Inscriptions in Latin appear after 200 AD when the region became part of the Roman sphere of influence and later the Roman Empire.
= Hellenistic political organisation
=In describing the Hellenistic political organisation of the Amantes, until recently scholars have hesitated to recognize the existence of a koinon of the Amantes, and they have spoken rather of Amantia as a City-State on the model of Greek colonial cities. The existence of a koinon of the Amantes (AMANTΩΝ) is strongly supported by Greek inscriptions from the 3rd-1st centuries BCE, which were recently discovered within the Illyrian tribal territory of the Amantes, in particular the inscription of Matohasanaj, which attests to the function of the figure of peripolarchos (Ancient Greek: περιπολάρχος). The role of this figure was to preside over the peripoloi to ensure the security of the state borders. Until the finding of the Matohasanaj inscription this function was known in this area only for the koinon of the Bylliones. The fortress of Matohasanaj where the inscription was found is located on the eastern border of the territory of the Amantes, in a strategic position between southern Illyria and Epirus, bordering the koinon of the Chaonians.
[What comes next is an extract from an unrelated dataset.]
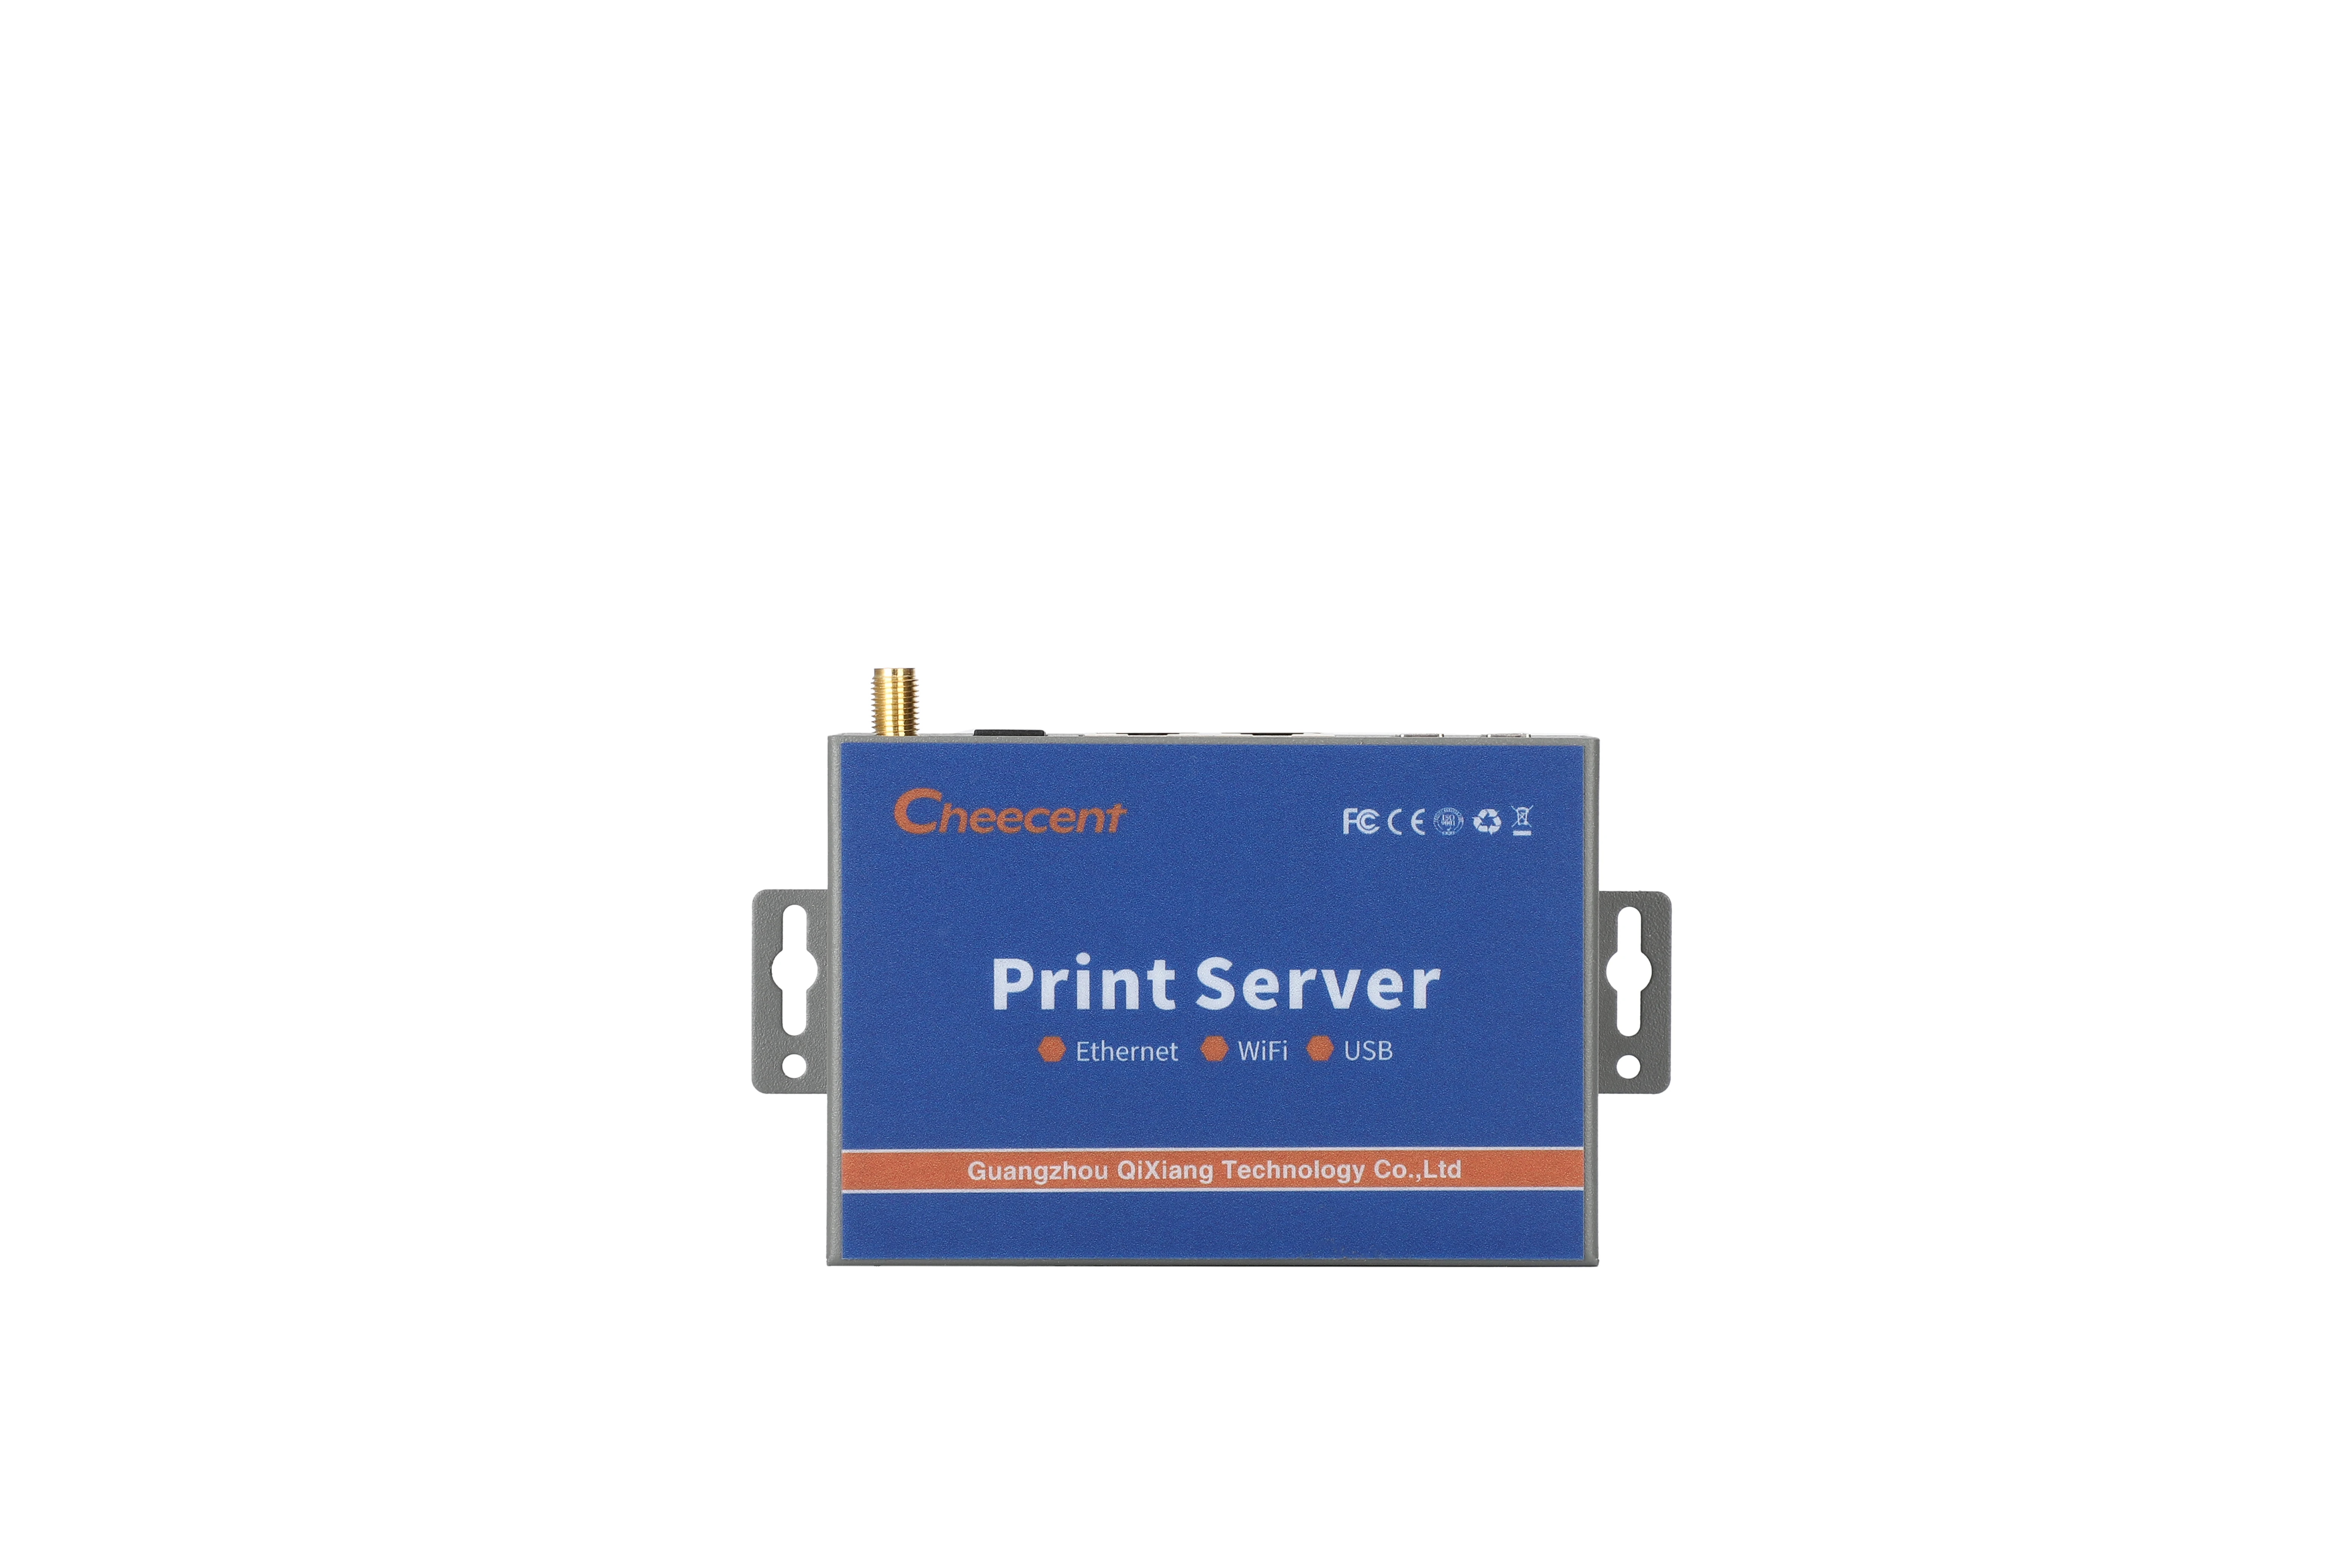 Print Servers

Through the intermediary of the Greek colonies, in particular of Apollonia the institution of the peripoloi spread in the neighboring indigenous communities, among the Balaïites, the Bylliones as well as the Amantes, providing evidence for the adoption of an ephebia similar to that of the Greeks.
According to Lippert and Matzinger (2021) Amantia was the seat of the Illyrian tribe of the Amantes, and according to them, like the other Illyrian cities, Amantia was not a Greek-style polis. The koinon of the Amantes and the koinon of the Bylliones are today considered to have been the most notable Illyrian koina, organized in a manned similar to the Koinon of the Epirotes.
The community of the Amantes seceded from the Epirote state only at the moment of the fall of the monarchy. At the time of Pyrrhus, his son Alexander II and his descendants, Epirus was still strong and controlled both southern Illyria in the north and part of Acarnania in the south. In this context it is no wonder that the bronze coins of Amantia, starting from 230 BCE, used symbols of the Epirote tradition with which the inhabitants of the city were accustomed, and only the legend on the coins was changed from ΑΠΕΙΡΩΤΑΝ (of the Epirotes) to ΑΜΑΝΤΩΝ (of the Amantes), both written in Greek letters. At the same year Amantia joined the Koinon of the Epirotes.
Taking into account archaeological and historical considerations, the city of Olympe should have been founded in the ethnic context of the Amantes, but later it was organized as a proper polis turning away from its ethnic context. The dissociation from the ethnic to the polis coincided with Philip V of Macedon's conquest of a number of cities in Illyria.